++++ Data ++++

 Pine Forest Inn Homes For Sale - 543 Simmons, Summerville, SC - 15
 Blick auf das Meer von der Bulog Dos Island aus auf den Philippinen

++++
++++ Data ++++

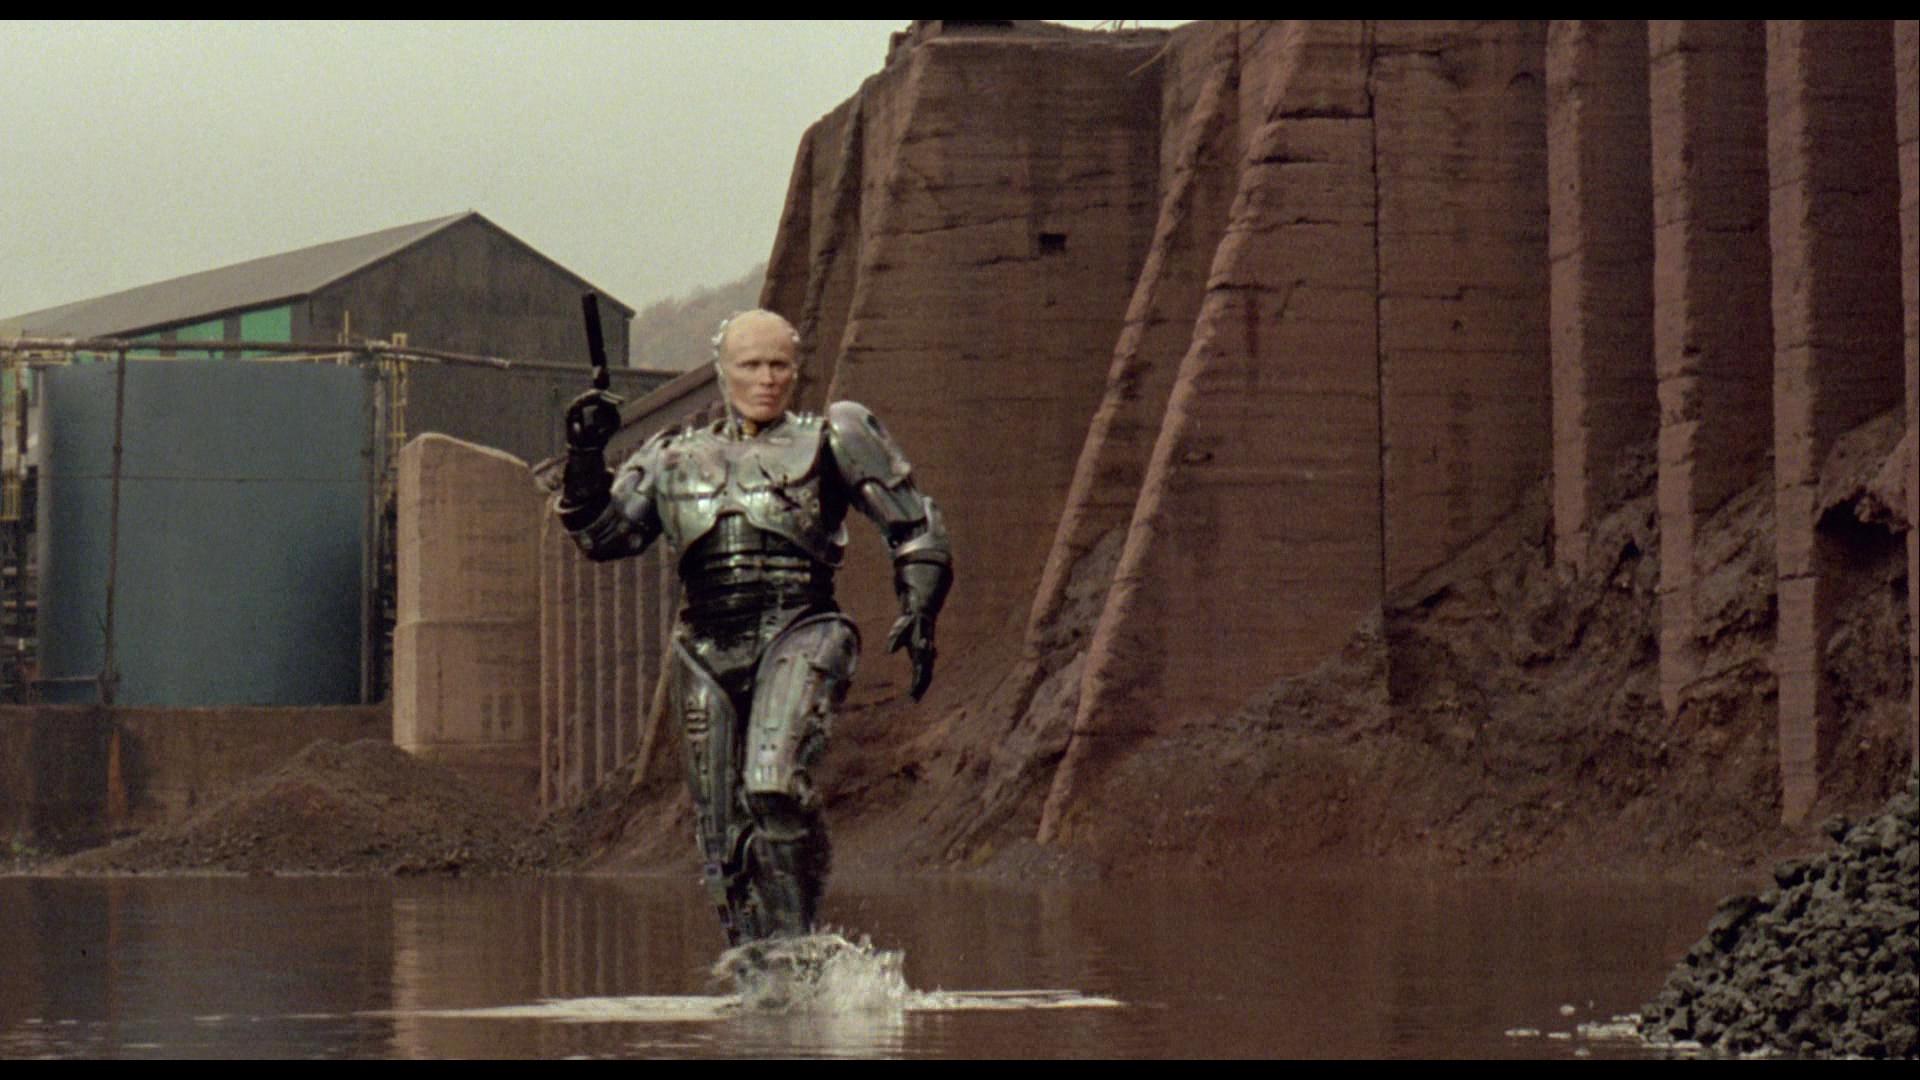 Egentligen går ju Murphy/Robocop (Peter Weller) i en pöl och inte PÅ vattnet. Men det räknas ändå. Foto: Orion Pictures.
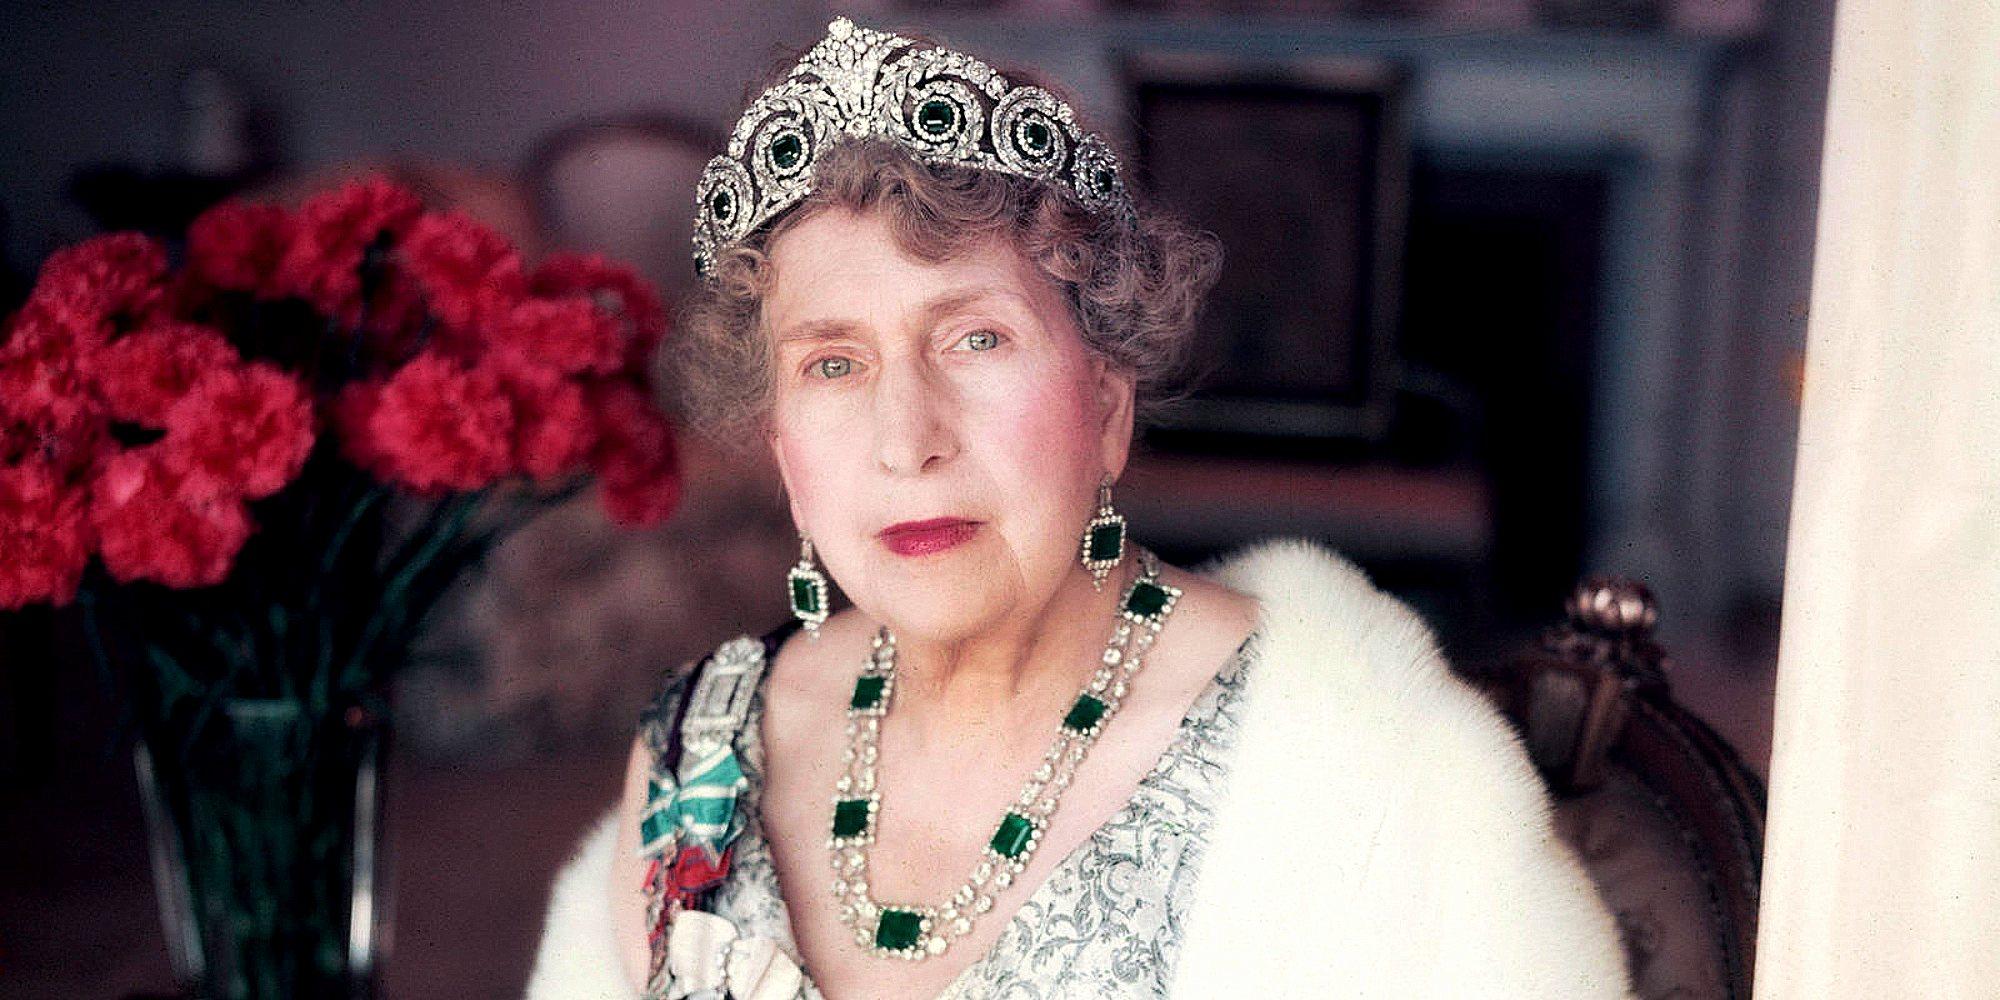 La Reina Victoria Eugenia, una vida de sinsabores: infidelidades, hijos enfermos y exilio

++++
++++ Data ++++

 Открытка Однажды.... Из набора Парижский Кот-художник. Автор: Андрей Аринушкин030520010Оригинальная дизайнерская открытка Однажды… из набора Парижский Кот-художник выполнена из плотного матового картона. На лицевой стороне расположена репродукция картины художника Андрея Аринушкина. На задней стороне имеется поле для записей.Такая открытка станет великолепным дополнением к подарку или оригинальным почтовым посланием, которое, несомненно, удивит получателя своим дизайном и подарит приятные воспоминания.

++++

About this task:
Return only the lines between the one holding "Pine Forest Inn" and the one holding "Blick auf das", inclusive, exactly as they appear above.

Answer section:
 Pine Forest Inn Homes For Sale - 543 Simmons, Summerville, SC - 15
 Blick auf das Meer von der Bulog Dos Island aus auf den Philippinen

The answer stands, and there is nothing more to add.